EXERCISE DETAILS: Reproduce the listing below as it stands. Leave out each image.

INPUT DATA:
===============
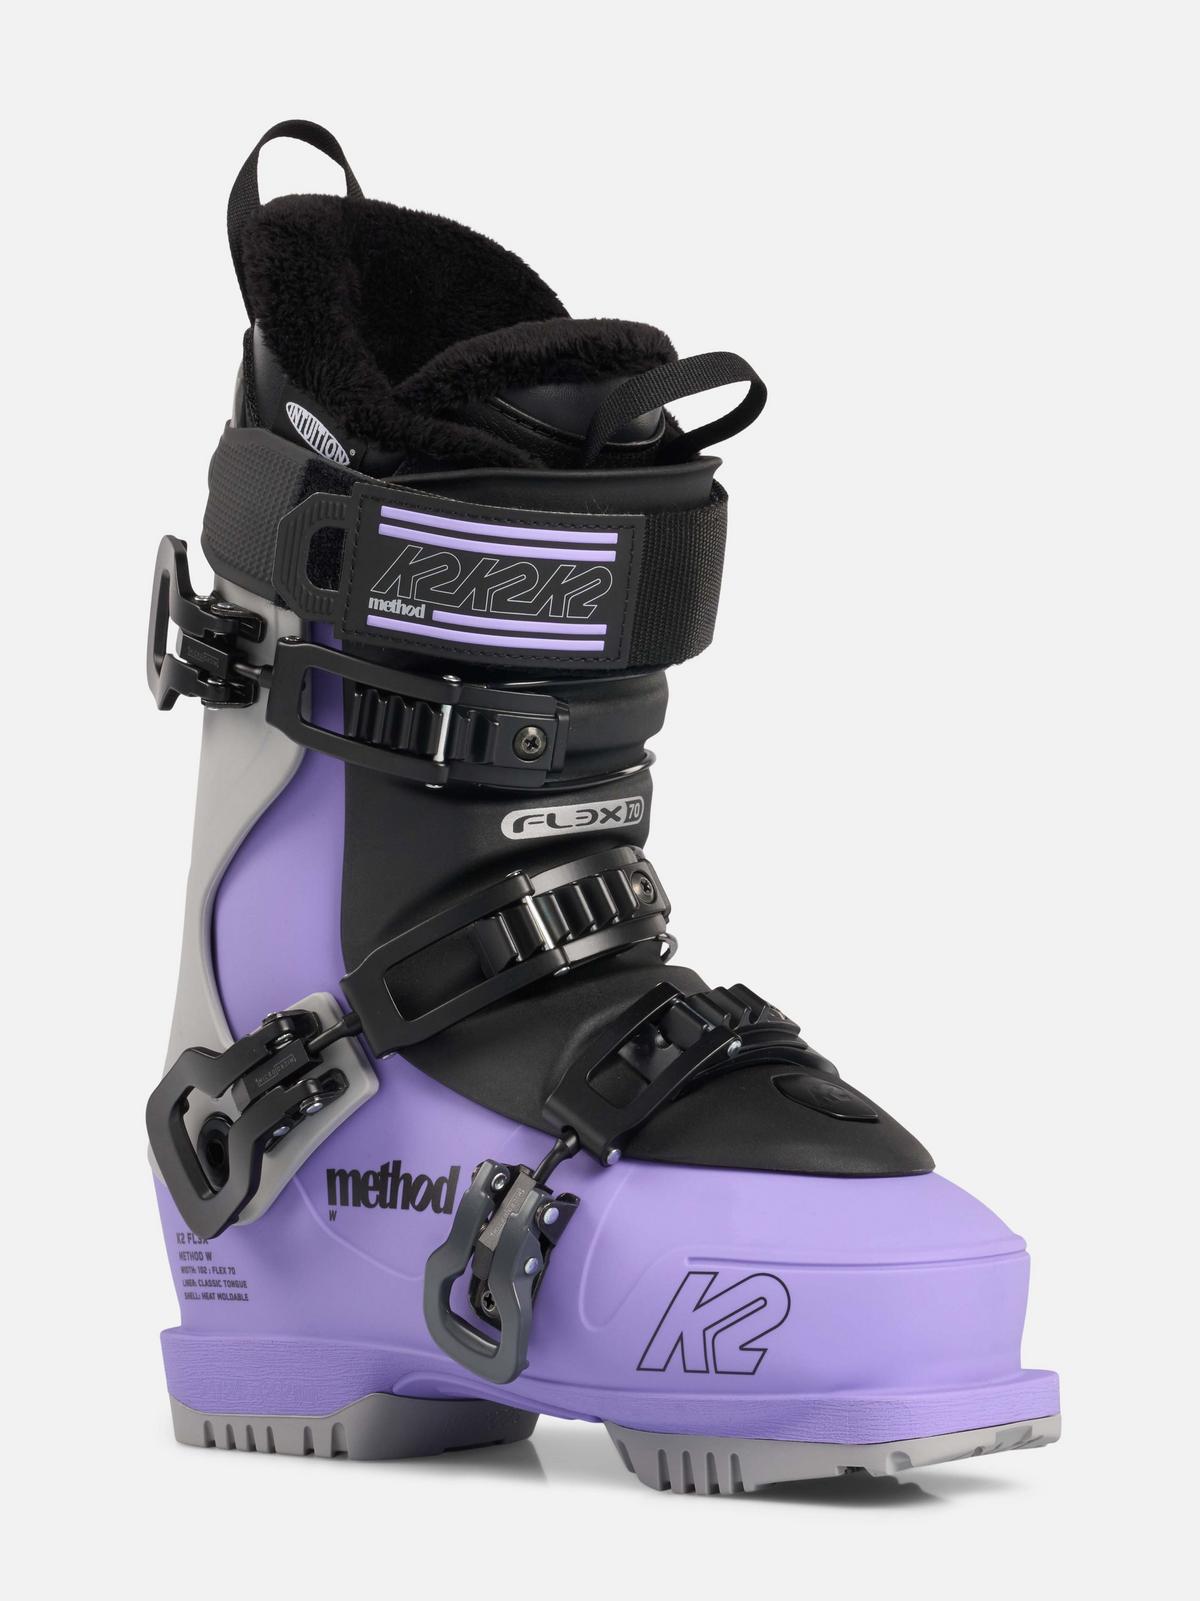 pegs indgang af K2 Method Women's Ski Boots 2023 | K2 Skis and K2 Snowboarding
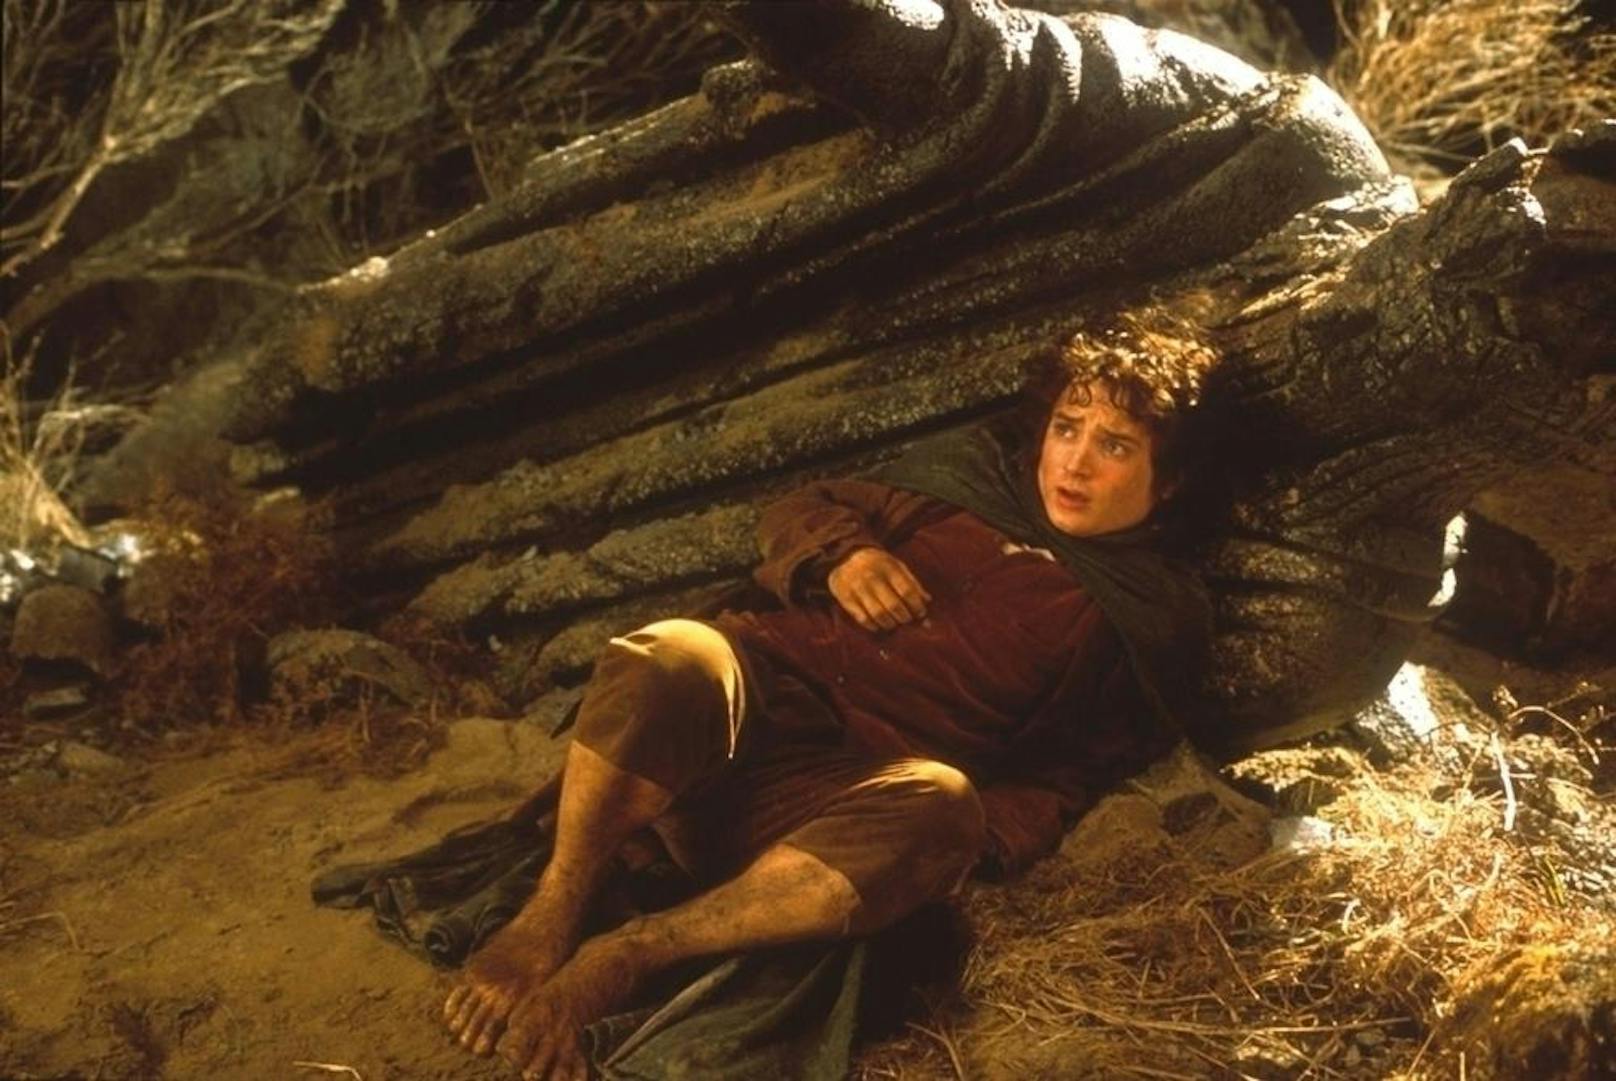 20.15 Uhr, ProSieben: "Herr der Ringe - Die Gefährten". 2001. Das Fantasyfilm erzählt über den Hobbit Bilbo Beutlin, dem ein machtvoller Ring in die Hände fällt. Mit Ian Holm, Elijah Wood und Ian McKellen.
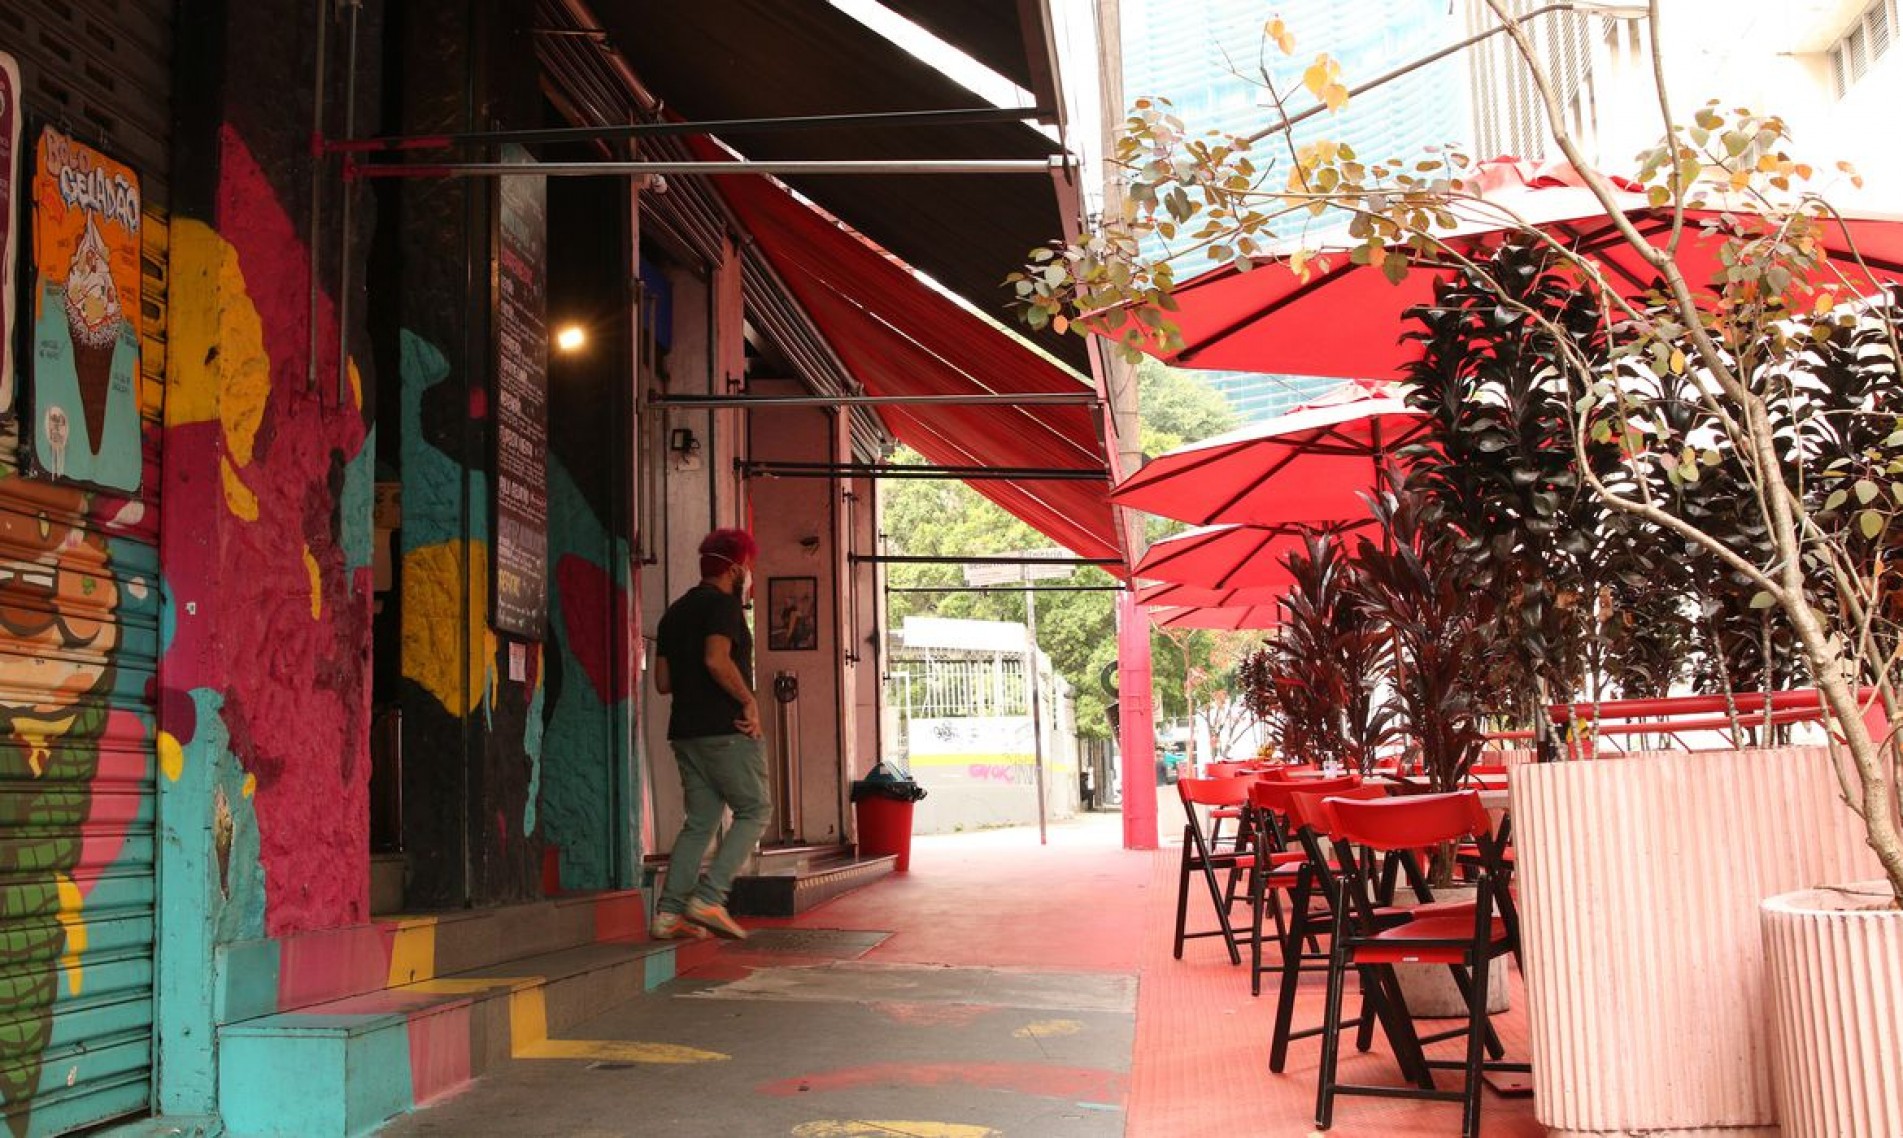 São Paulo - O projeto Ruas SP, da prefeitura de São Paulo, autoriza que bares e restaurantes ocupem com mesas e cadeiras a faixa de rua destinada ao estacionamento de veículos para atendimento público ao ar livre. 
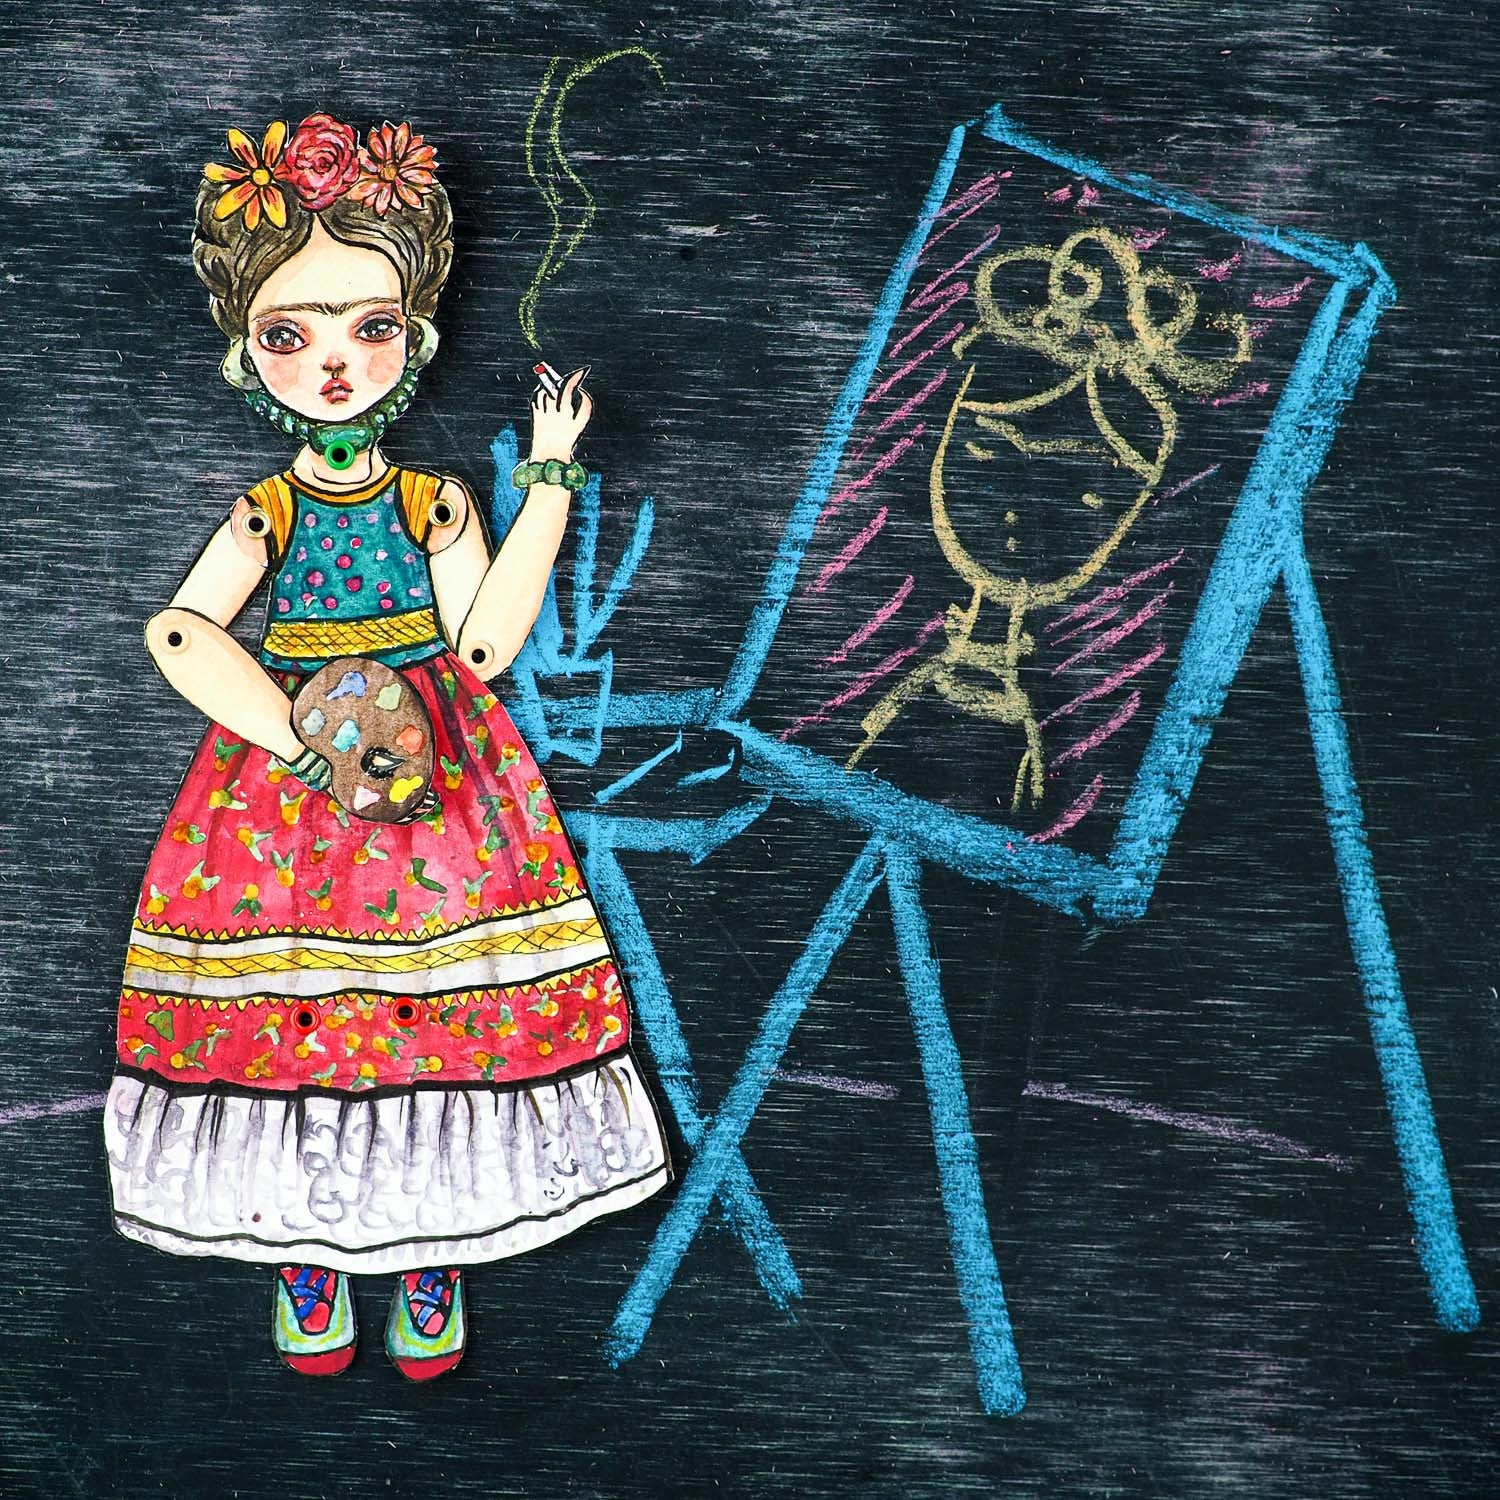 Frida watercolor original art doll by Danita, Art Doll by Danita Art
===============
EXPECTED OUTPUT:
 pegs indgang af K2 Method Women's Ski Boots 2023 | K2 Skis and K2 Snowboarding
 20.15 Uhr, ProSieben: "Herr der Ringe - Die Gefährten". 2001. Das Fantasyfilm erzählt über den Hobbit Bilbo Beutlin, dem ein machtvoller Ring in die Hände fällt. Mit Ian Holm, Elijah Wood und Ian McKellen.
 São Paulo - O projeto Ruas SP, da prefeitura de São Paulo, autoriza que bares e restaurantes ocupem com mesas e cadeiras a faixa de rua destinada ao estacionamento de veículos para atendimento público ao ar livre. 
 Frida watercolor original art doll by Danita, Art Doll by Danita Art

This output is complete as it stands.